Complete step-by-step solution: According to the question 80% of the radioactive decay has occurred, that means if we consider initially 100% of a substance was taken then, we are left with 20% of that substance (since 100 – 80 = 20)
Therefore, the value of ${{\text{A}}_{\text{f}}}$ = 20 and ${{\text{A}}_{\text{i}}}$ = 100,
But to calculate the time taken, we need to determine the value of decaying constant (${{\lambda }}$), and the formula for the decaying constant can be written as;
$\Rightarrow$ ${{\text{t}}_{\dfrac{1}{2}}}{\text{ = }}\dfrac{{{\text{0}}{\text{.693}}}}{{{\lambda }}}$
$\Rightarrow$ ${{\lambda = }}\dfrac{{{\text{0}}{\text{.693}}}}{{{{\text{t}}_{\dfrac{1}{2}}}}}$ (substituting the value of t ½ will give us the value of decaying constant)
$\Rightarrow$ ${{\lambda = }}\dfrac{{{\text{0}}{\text{.693}}}}{{15}}$
$\Rightarrow$ ${{\lambda = 0}}{\text{.0462}}$
Now, if we substitute all the values in the mentioned formula (ii) of Time(t) we get,
$\Rightarrow$ $-$ ${\text{t = }}$ $\dfrac{{\text{1}}}{{{\lambda }}} \times 2.303\log \dfrac{{{{\text{A}}_{\text{f}}}}}{{{{\text{A}}_{\text{i}}}}}$
$\Rightarrow$ $-$ ${\text{t = }}$ $\dfrac{{\text{1}}}{{0.0462}} \times 2.303\log \dfrac{{20}}{{100}}$
$\Rightarrow$ $-$ ${\text{t = }}$ $\dfrac{{\text{1}}}{{0.0462}} \times 2.303\log \dfrac{2}{{10}}$
$\Rightarrow$ $-$ ${\text{t = }}$ $\dfrac{{\text{1}}}{{0.0462}} \times 2.303(\log 2 - \log 10)$ [here we have used the logarithmic expression, ${\text{log}}\dfrac{{\text{a}}}{{\text{b}}} = \log {\text{a }} - \log {\text{b}}$]

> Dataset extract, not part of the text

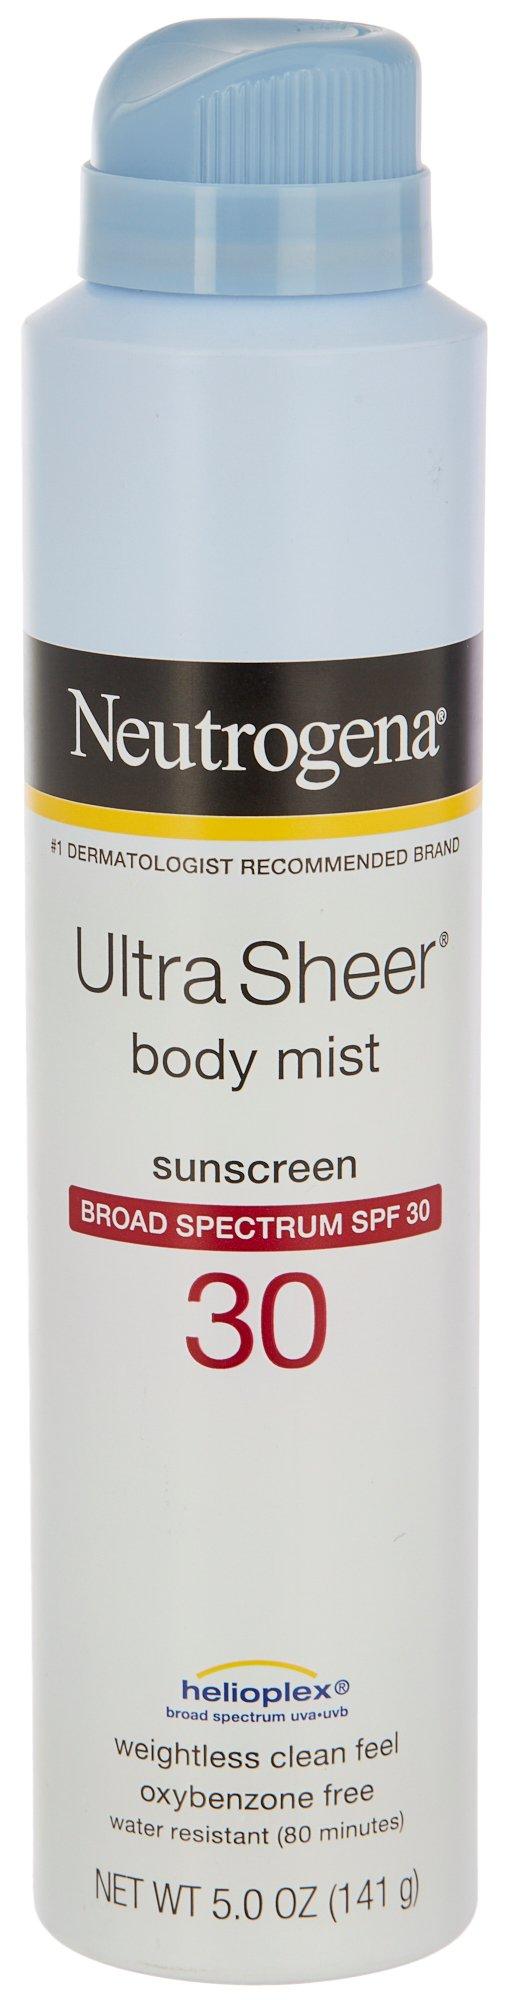 Neutrogena Ultra Sheer Body Mist SPF 30 Sunscreen Spray 5 oz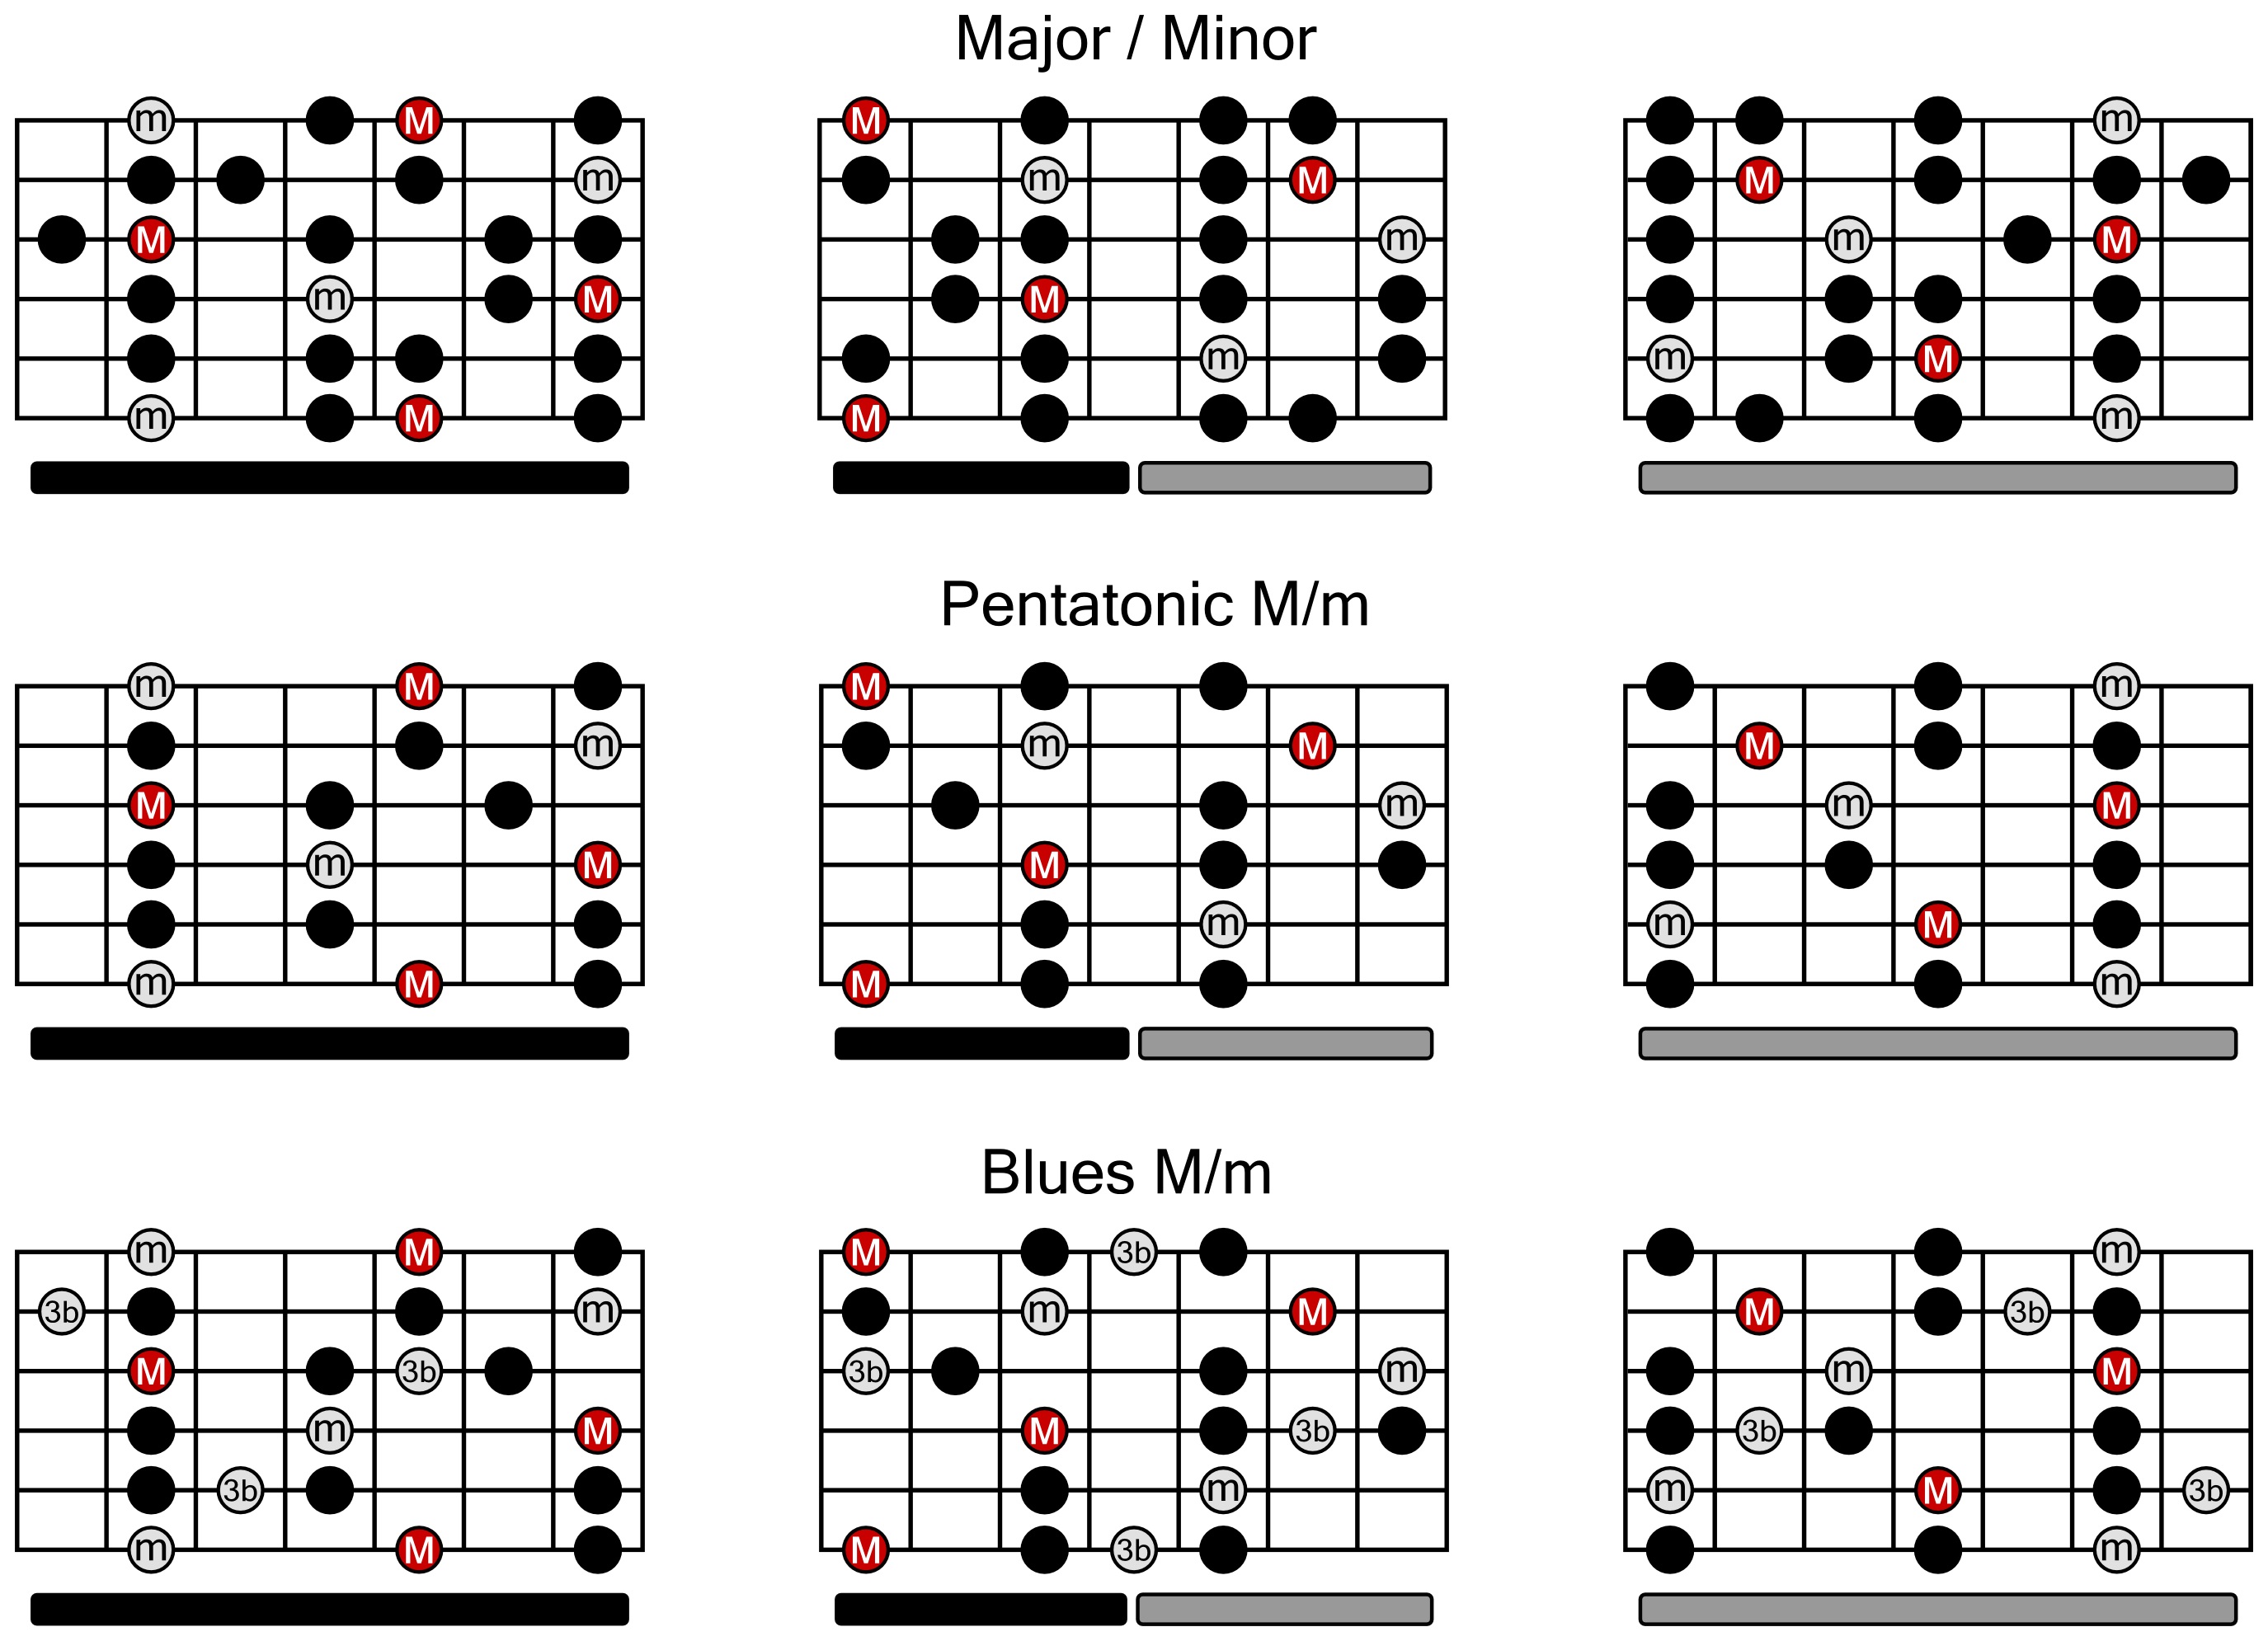 Free Guitar Scales Chart Printable Free Printable Templates

$\Rightarrow$ $-$ ${\text{t = }}$ $\dfrac{{\text{1}}}{{0.0462}} \times 2.303(0.30102 - 1)$ [the value of log 2 = 0.3010 and the value of –log 10 = $-$1]
$\Rightarrow$ $-$ ${\text{t = }}$ $\dfrac{{\text{1}}}{{0.0462}} \times 2.303( - 0.698)$ ( now carry out the simple arithmetic operation, and get to the required solution)
$\Rightarrow$ $-$ ${\text{t = }}$ $\dfrac{{\text{1}}}{{0.0462}} \times 2.303( - 0.698)$
$\Rightarrow$ $-$ ${\text{t = }}$ $- \dfrac{{\text{1}}}{{0.0462}} \times 1.607494$
$\Rightarrow$ $-$ ${\text{t = }}$ $- 34.78$
$\Rightarrow$ ${\text{t = }}$ $34.78$ (the two negative signs will cancel each other)
$\Rightarrow$ ${\text{t = }}$ $34.8$ hr
The obtained value of time (t) is very much close to the option (C)

Hence, the correct answer is an option (C) i.e. $15 \times (\dfrac{{\log 5}}{{\log 2}}){\text{ hr (or 34}}{\text{.83) hr}}$.

Note: The correct answer has the logarithmic part (i.e., $\dfrac{{\log 5}}{{\log 2}}$), which is not similar to the logarithmic value (i.e., $\log \dfrac{2}{{10}}$)we have to get during our solution, however, the solution is correct, this is because the same solution can be done by using another variant of the same formula;
$\Rightarrow$ ${\text{t = }}$ $\dfrac{{\text{1}}}{{t{\lambda }}} \times 2.303\log \dfrac{{\text{a}}}{{{\text{a}} - {\text{x}}}}$, notice the change in the negative sign has changed the equation.